§ **WORK TO COMPLETE**
Range to repeat from the listing below: the line containing "疾走感のあるピアノサウンドの再生済みの波形" down to the line containing "Pixar 22 Rules Storytelling_Online PR Guide", both included. Copy it exactly, pictures excluded, and add nothing else.
(DATASET RECORDS begins)
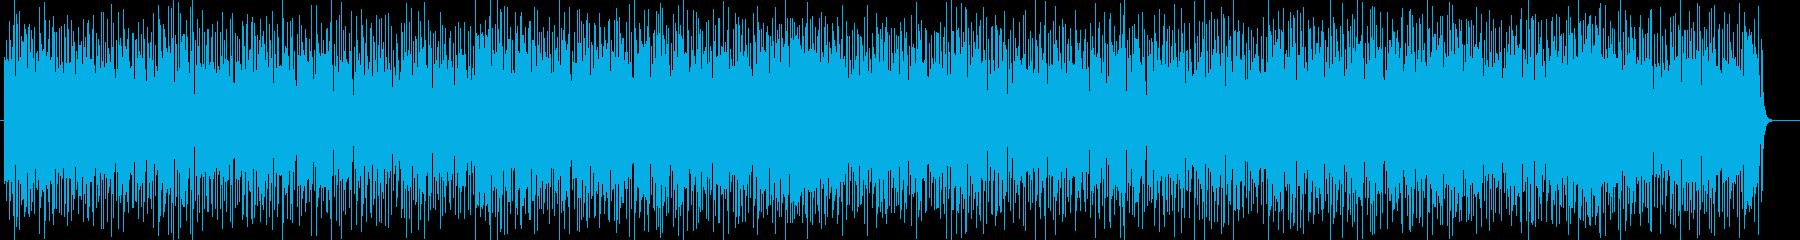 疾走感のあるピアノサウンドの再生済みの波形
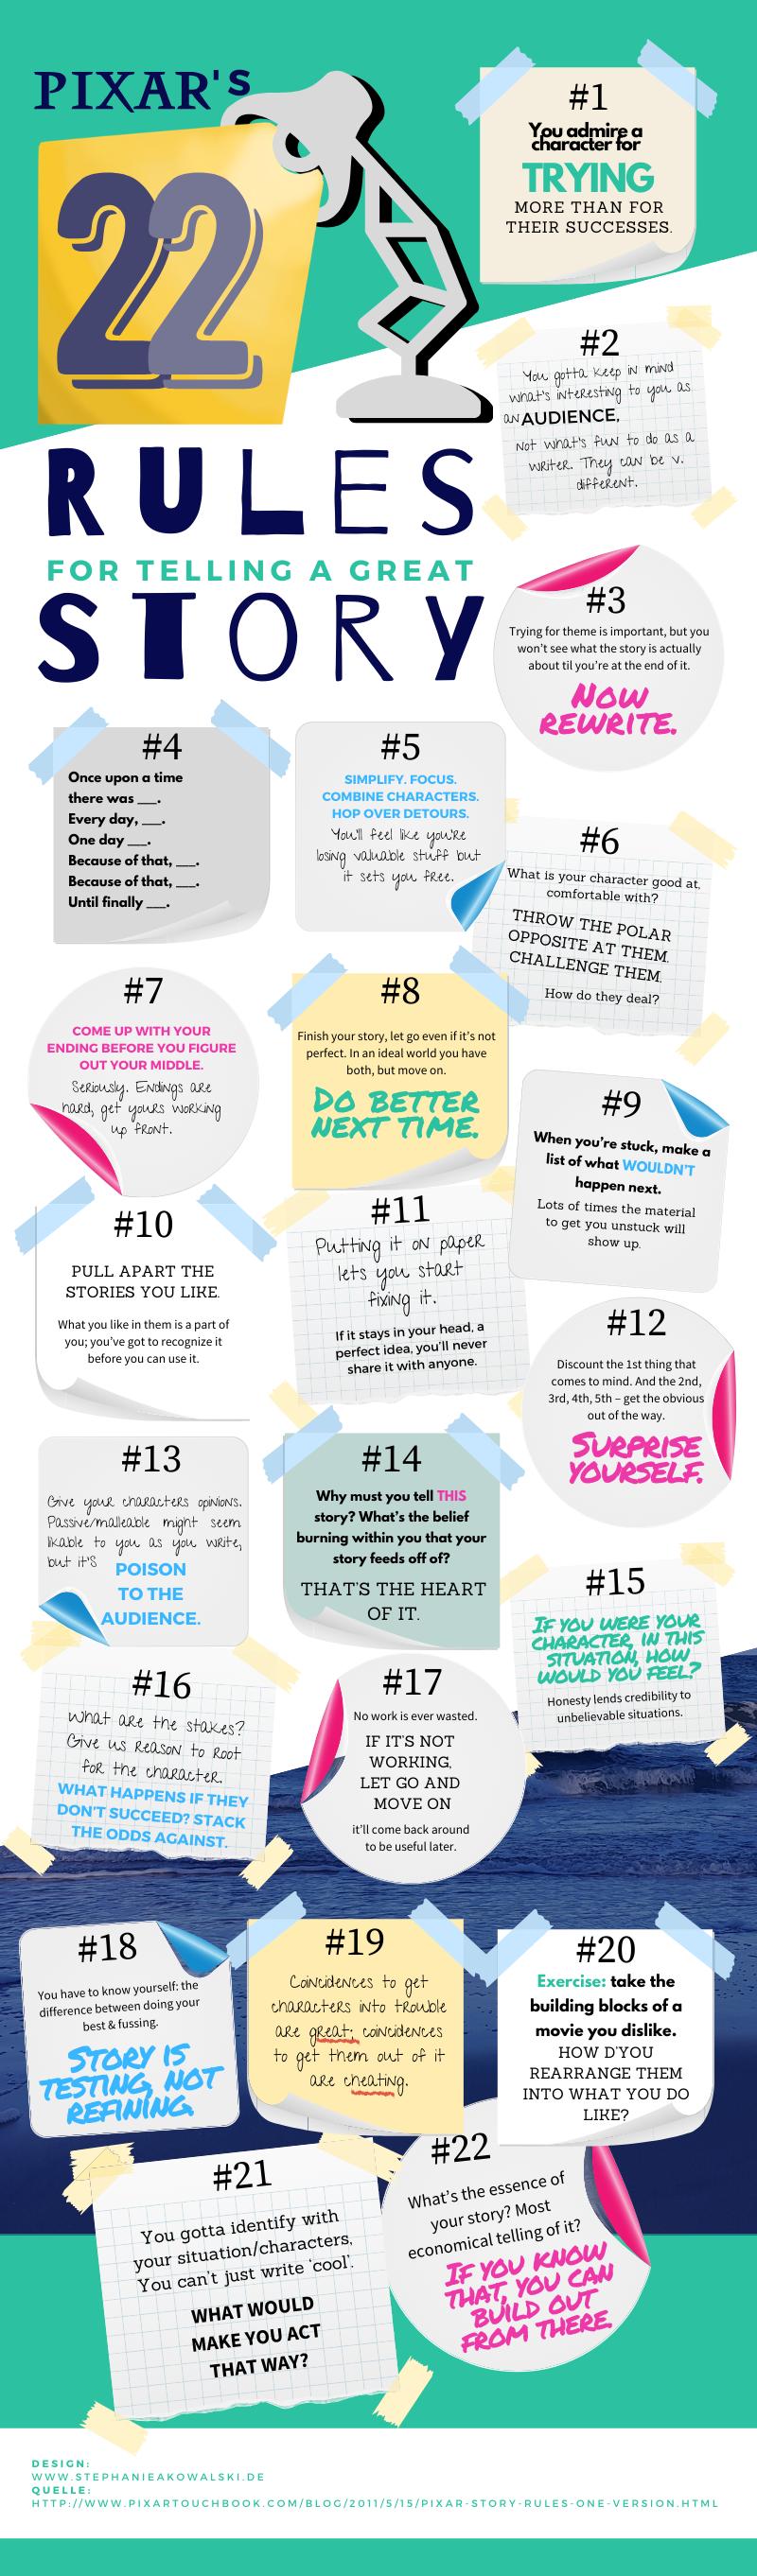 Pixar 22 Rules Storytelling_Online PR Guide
(DATASET RECORDS ends)
(DATASET RECORDS begins)
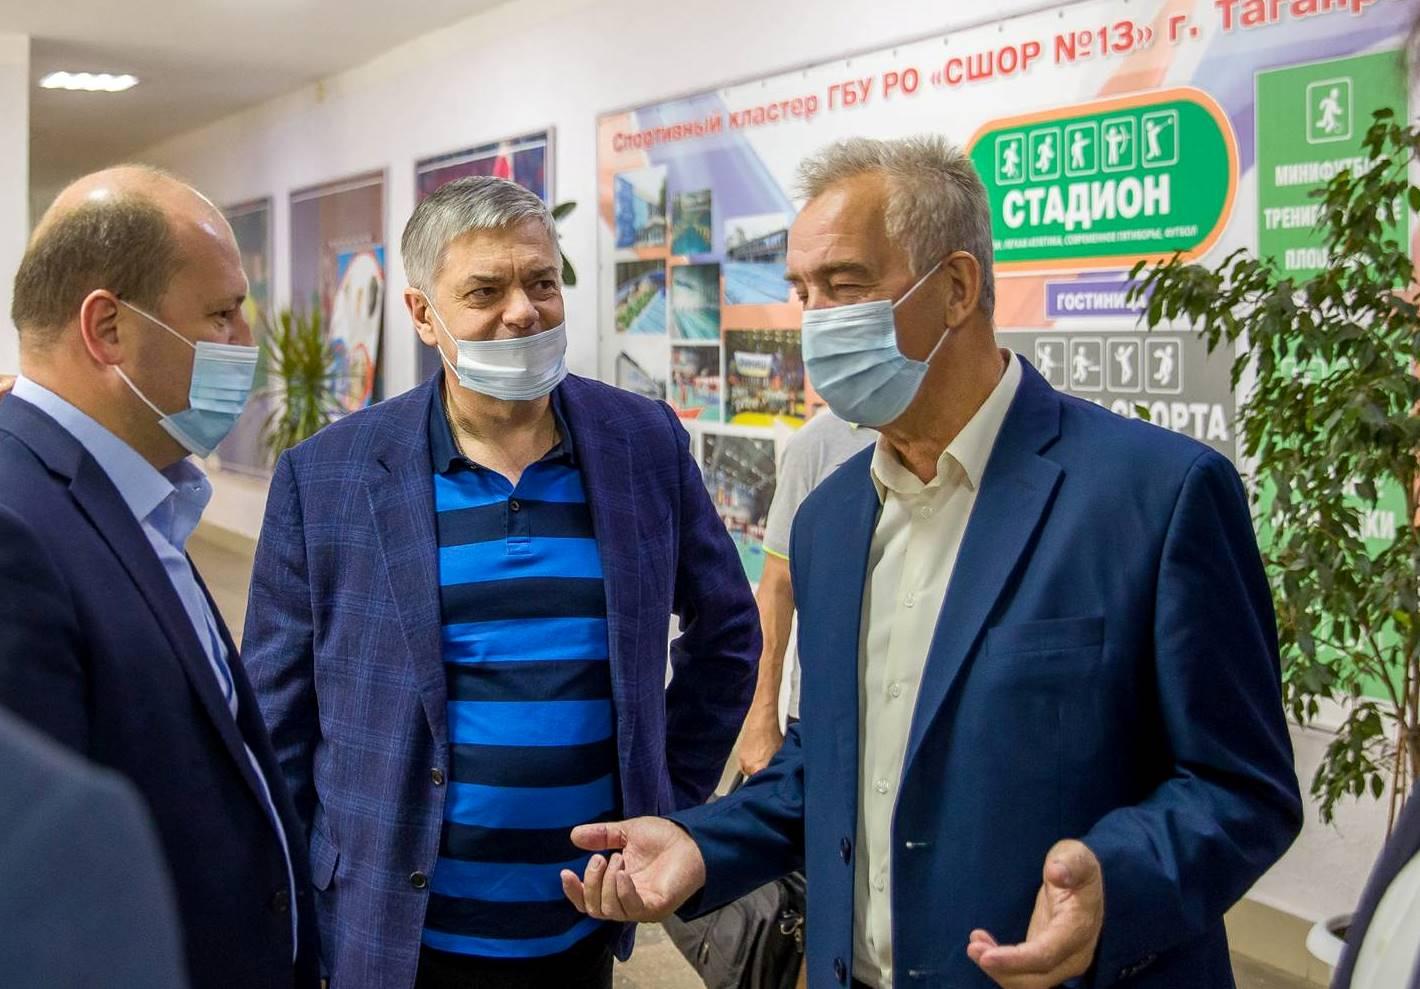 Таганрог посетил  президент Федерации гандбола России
(DATASET RECORDS ends)
§ **SOLUTION FOR THIS PROBLEM**
 疾走感のあるピアノサウンドの再生済みの波形
 Pixar 22 Rules Storytelling_Online PR Guide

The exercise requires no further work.